The continued love affair between the international establishment (i.e. the UN, the Nobel Committee), the media, and Barack Obama bewilders many in the United States, myself included. It is near messianic, and messianism in the public sphere is deeply disturbing – most especially when it is blind. The most recent example of this blindness – this drinking of the proverbial Kool-Aid (the power
of the internet can elucidate the reference for non-American readers) – is the awarding of the Nobel Prize to the President. It was a decision motivated by hype, and a play to the nauseating cult of celebrity. He has done nothing in his young presidency to earn it.
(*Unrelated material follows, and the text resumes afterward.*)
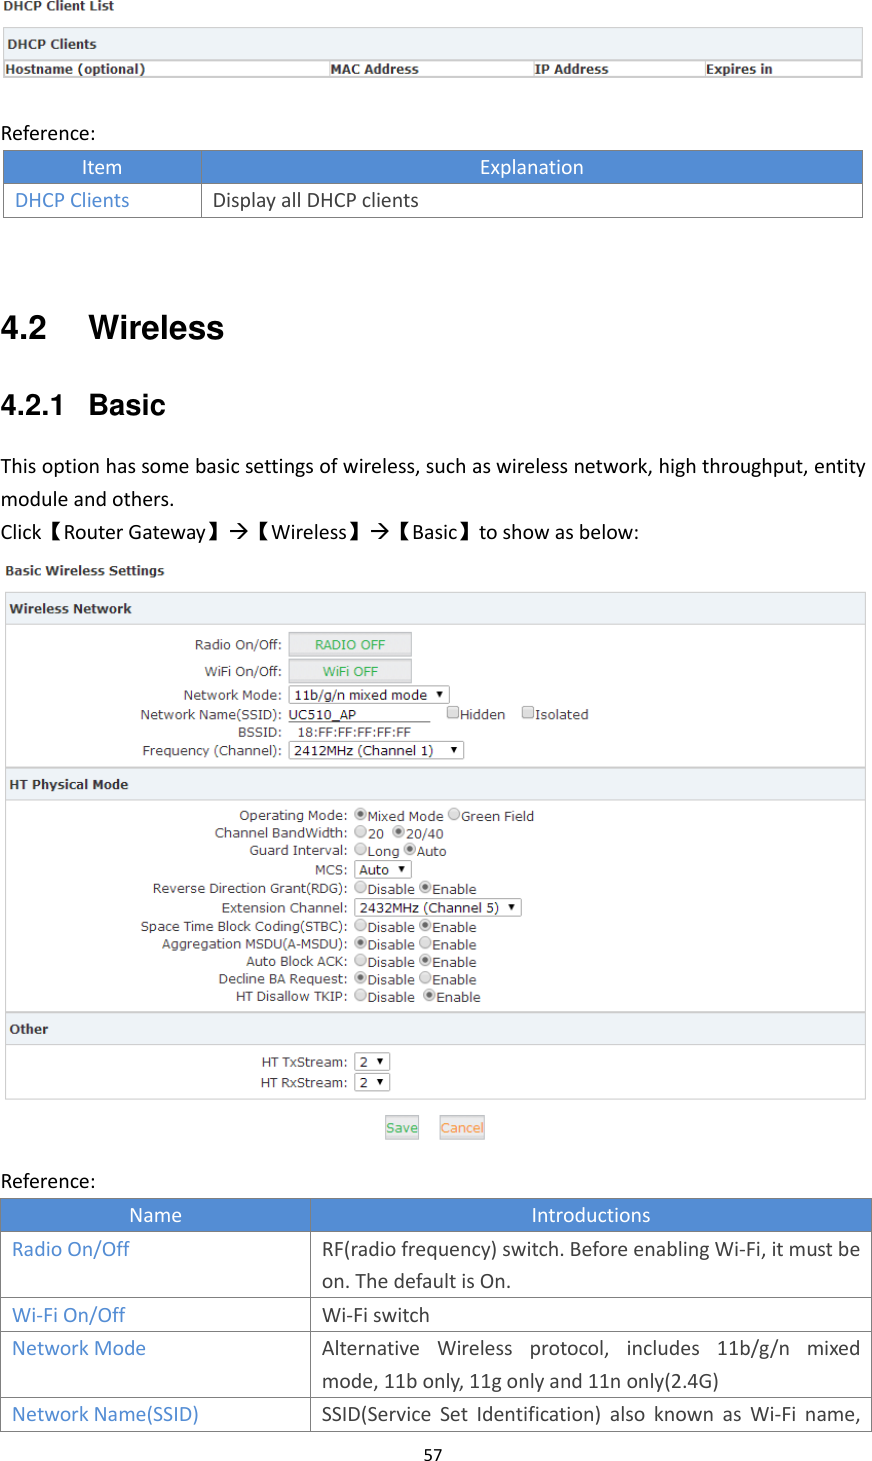  57   Reference: Item Explanation DHCP Clients Display all DHCP clients     4.2  Wireless 4.2.1  Basic This option has some basic settings of wireless, such as wireless network, high throughput, entity module and others. Click【Router Gateway】【Wireless】【Basic】to show as below:    Reference: Name Introductions Radio On/Off RF(radio frequency) switch. Before enabling Wi-Fi, it must be on. The default is On. Wi-Fi On/Off Wi-Fi switch   Network Mode Alternative  Wireless  protocol,  includes  11b/g/n  mixed mode, 11b only, 11g only and 11n only(2.4G) Network Name(SSID) SSID(Service  Set  Identification)  also  known  as  Wi-Fi  name, 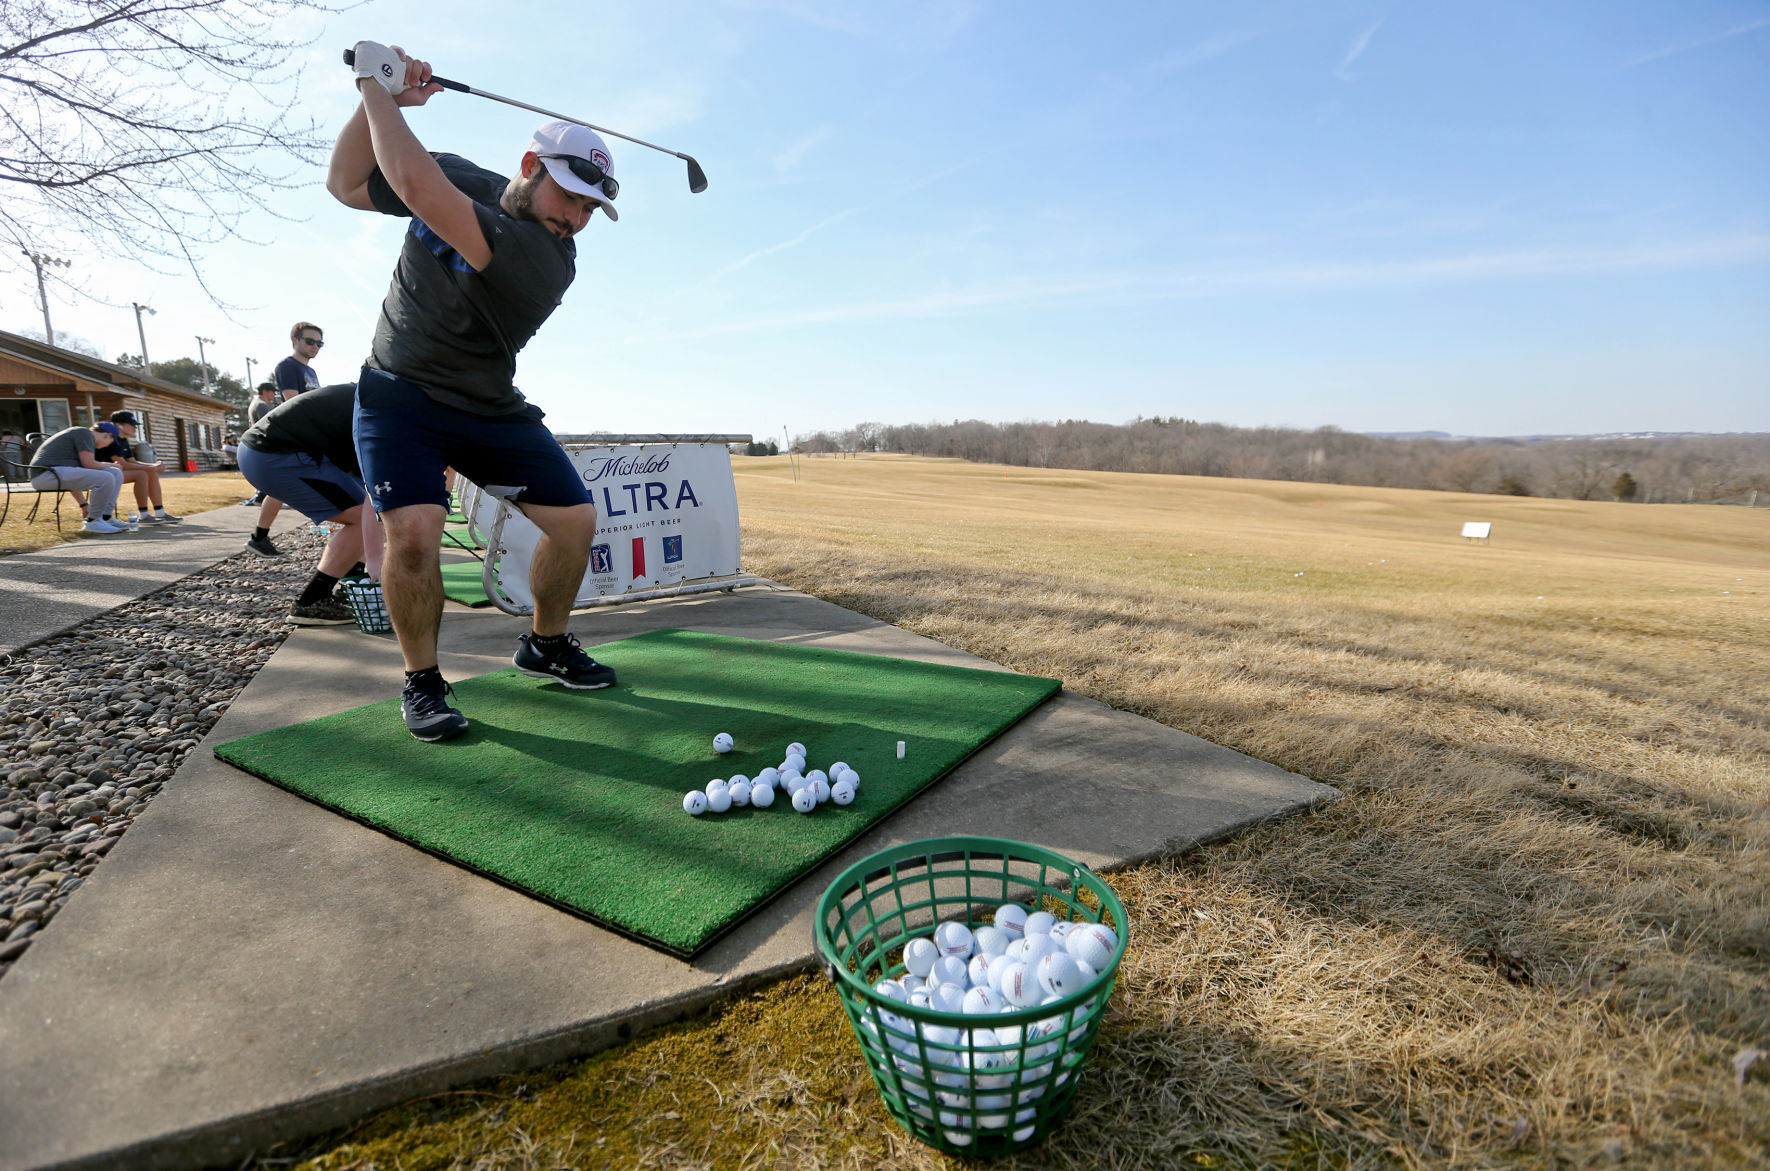 Jerry Jones, a student at the University of Dubuque, hits balls at Derby Grange Golf & Recreation in Dubuque on Wednesday.    PHOTO CREDIT: JESSICA REILLY, Telegraph Herald

It is not unheard of for an American President to win a Nobel; three of Obama’s predecessors won. The difference, however, between Obama’s prize and the prizes given to Teddy Roosevelt, Woodrow Wilson, and Jimmy Carter, is that the latter three all won for substantial contributions to the promotion of world peace. Roosevelt won his in 1906 for negotiating an end to the Russo-Japanese War, Wilson in 1919 for the formation of the League of Nations, and Carter in 2002 for his efforts (increasingly ham-fisted and blatantly anti-Israeli, it must be
said) to secure peace in the Middle East.

The nomination date for the 2009 Prize was February 1st. Obama won his prize, it seems, based solely upon the first twelve days of his presidency. Let us expand our survey beyond those twelve days, lest I be accused of being too stiff in terms of criteria. He promised to close Guantanamo and end the Bush policies of indefinite detention. Guantanamo is still open, and the Administration has admitted that indefinite detention is the least bad solution to the problem of prisoners who cannot be tried and convicted due to a lack of evidence but are
too dangerous to be released.

The situation is worse beyond America’s shores. Iraq no longer boils, but it simmers. Afghanistan gets bloodier by the day, and Obama vacillates between listening to his generals and dispatching more troops, and appeasing Nancy Pelosi and Joe Biden by decreasing our commitment. What troops the US has, prop up the odious narco-thug Hamid Karzai and his corrupt regime.  The President pointedly snubs a fellow Peace Prize winner – the Dalai Lama – to appease the Chinese government, owning as they do a large share of America’s debt (a
quickly growing share, thanks to the stimulus package). Members of his administration meet with a minister of the Burmese government, the first such contact in ten years – all while the junta continues to imprison dissidents and brutalize its people. Obama undertakes the first face-to-face American negotiations with Iran in thirty years with “no preconditions”, while the ayatollahs continue to build a bomb and launch ominous and anti-Semitic tirades against Israel. In addition, the President has decided to reduce America’s robust nuclear arsenal –the ultimate, final defence – in the hope that other nations will follow suit and reduce their own stockpiles. I am sure that North Korea and Pakistan will line right up to do so.

Obama has done nothing to justify a Peace Prize. What he has done – continuing a nauseating and un-American detention programme, propping up a tin pot drug lord, pandering to the Chinese government, giving Burmese and Iranian tyrants the legitimacy that negotiations confer, and reducing America’s last, best defence – makes the world less safe, and peace less likely. It seems that since Yasser
Arafat won the Prize, they will give them out to anyone, for anything.